◆ **Work item**
Below are some entries. Repeat exactly the lines from the one with "(-2,11),(1,-7) , dan" through the one with "Girlanda świetlna LED", and only those.

◆ **Material to process**
━━━━━━━━

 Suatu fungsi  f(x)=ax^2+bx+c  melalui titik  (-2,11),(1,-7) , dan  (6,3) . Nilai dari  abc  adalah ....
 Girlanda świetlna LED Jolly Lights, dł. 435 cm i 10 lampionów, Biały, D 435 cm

━━━━━━━━

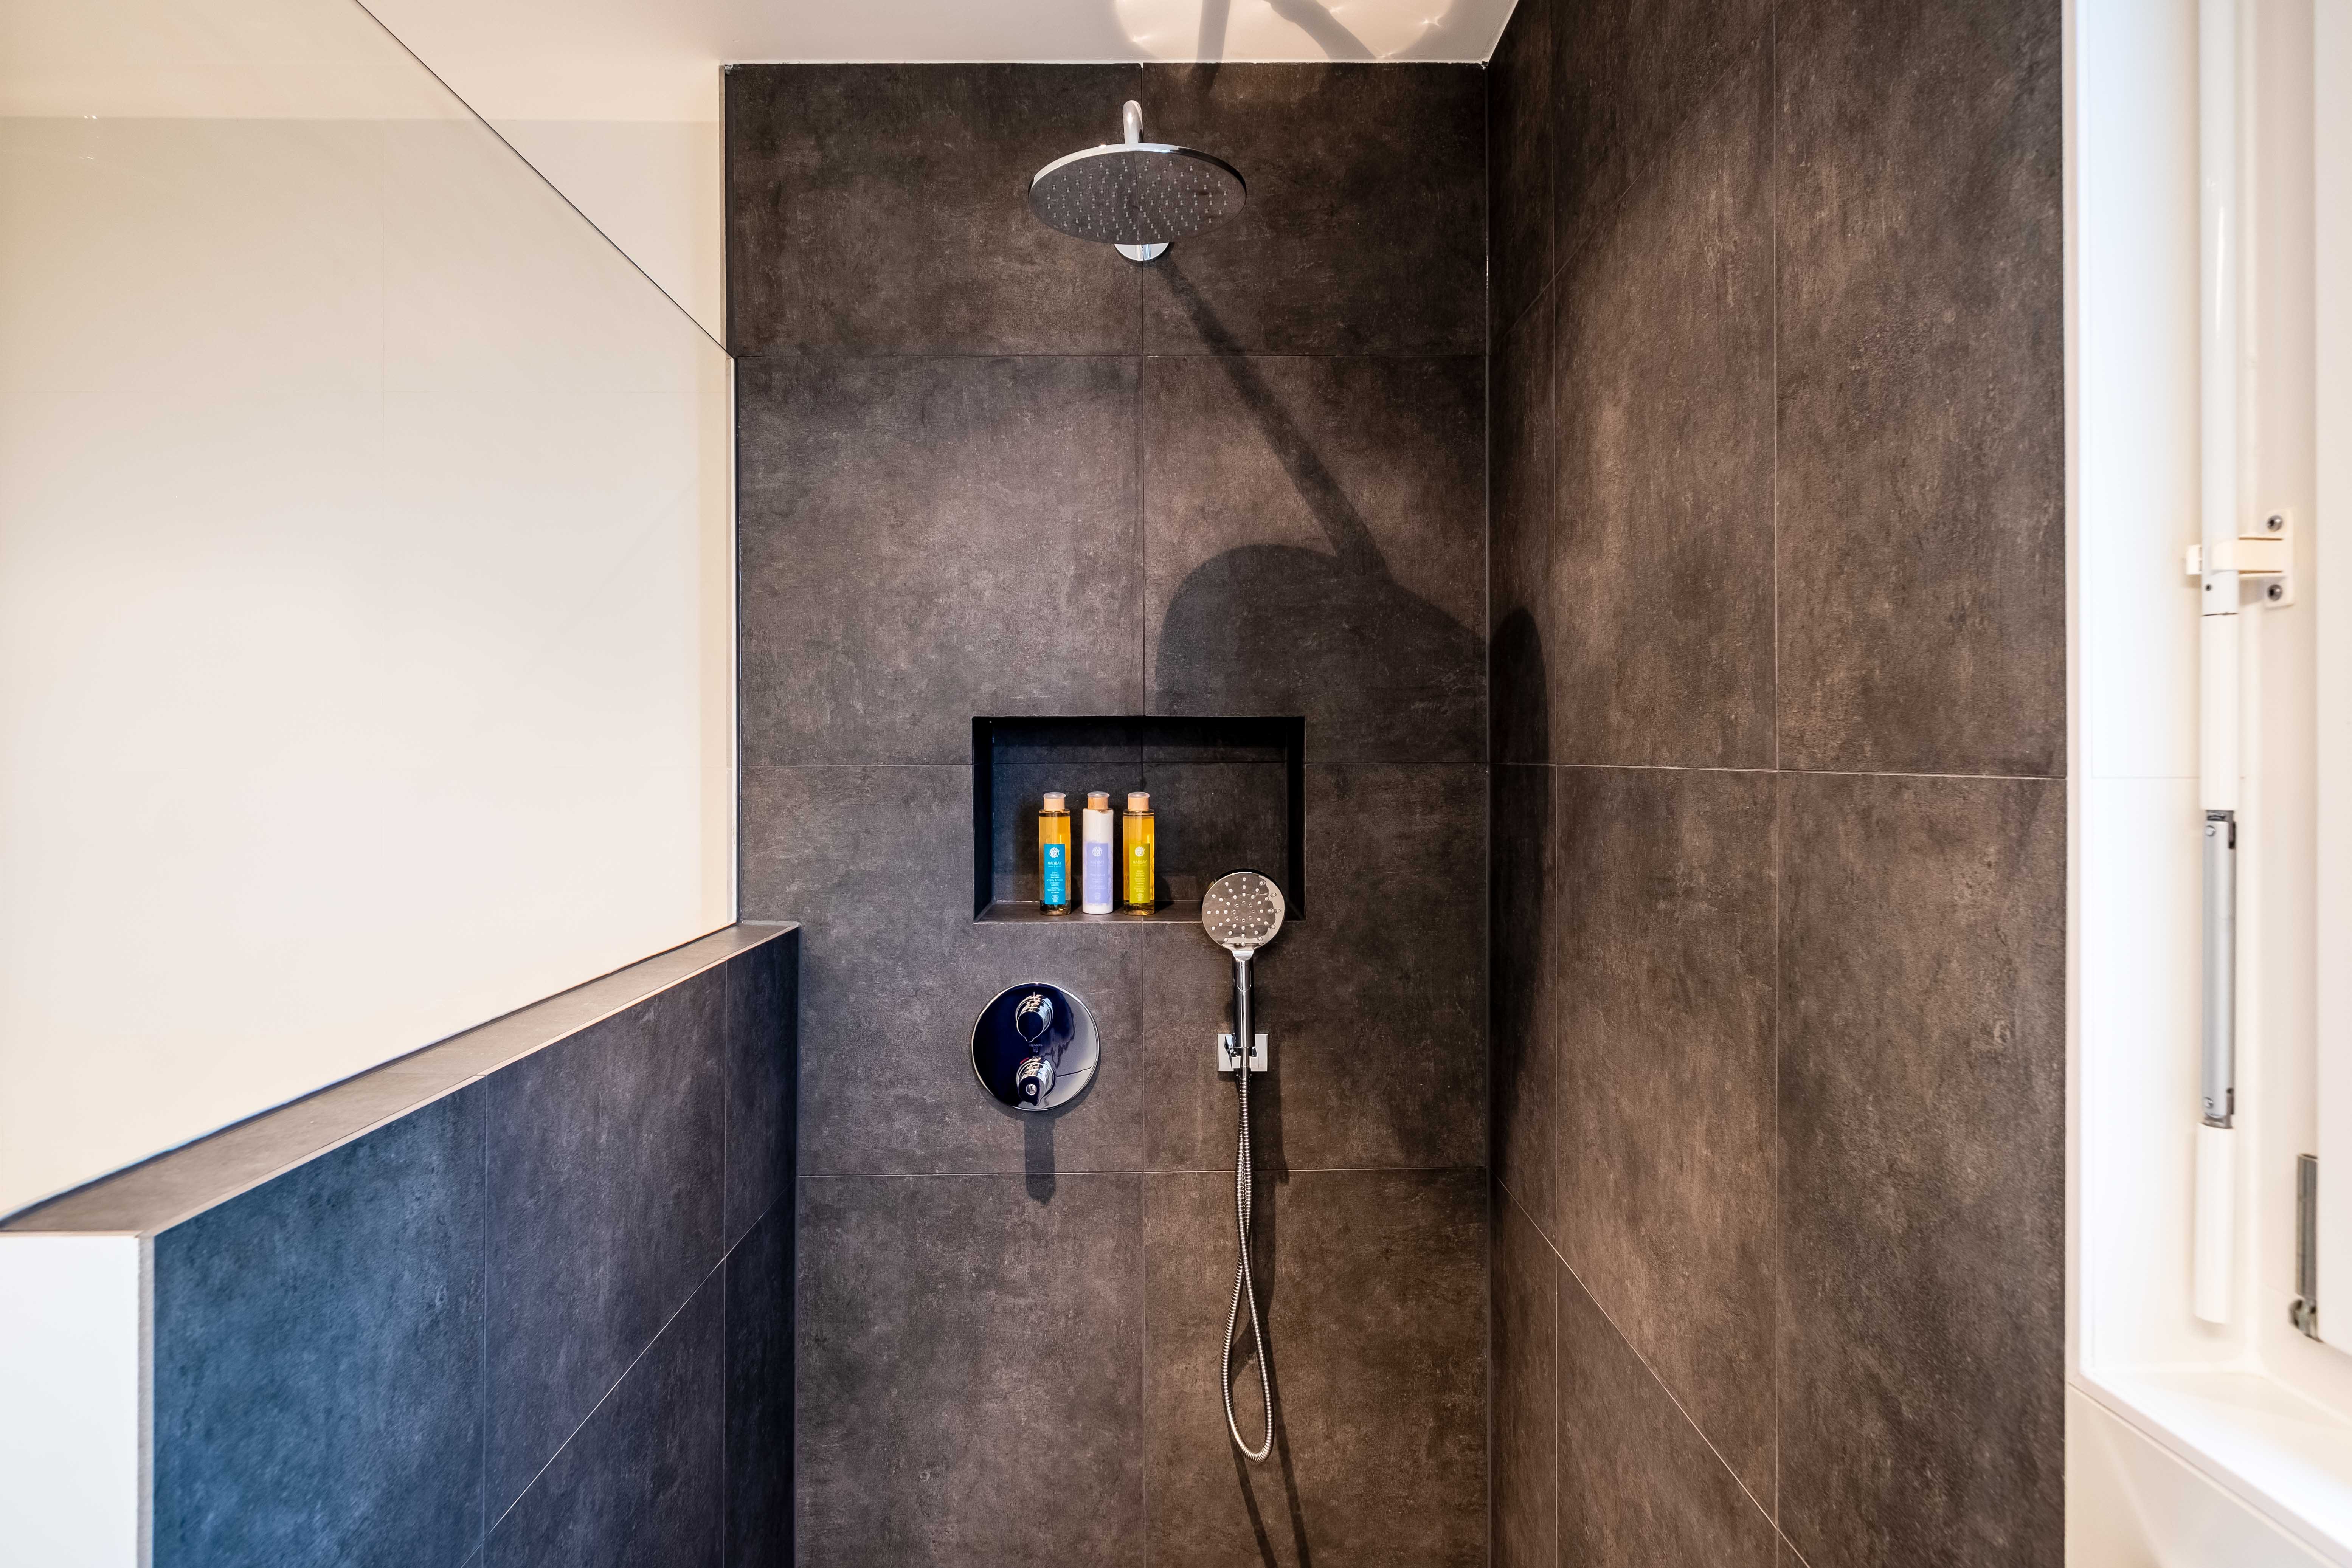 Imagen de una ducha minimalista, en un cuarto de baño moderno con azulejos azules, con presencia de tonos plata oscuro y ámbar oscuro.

━━━━━━━━

◆ **Response to the task**
 Suatu fungsi  f(x)=ax^2+bx+c  melalui titik  (-2,11),(1,-7) , dan  (6,3) . Nilai dari  abc  adalah ....
 Girlanda świetlna LED Jolly Lights, dł. 435 cm i 10 lampionów, Biały, D 435 cm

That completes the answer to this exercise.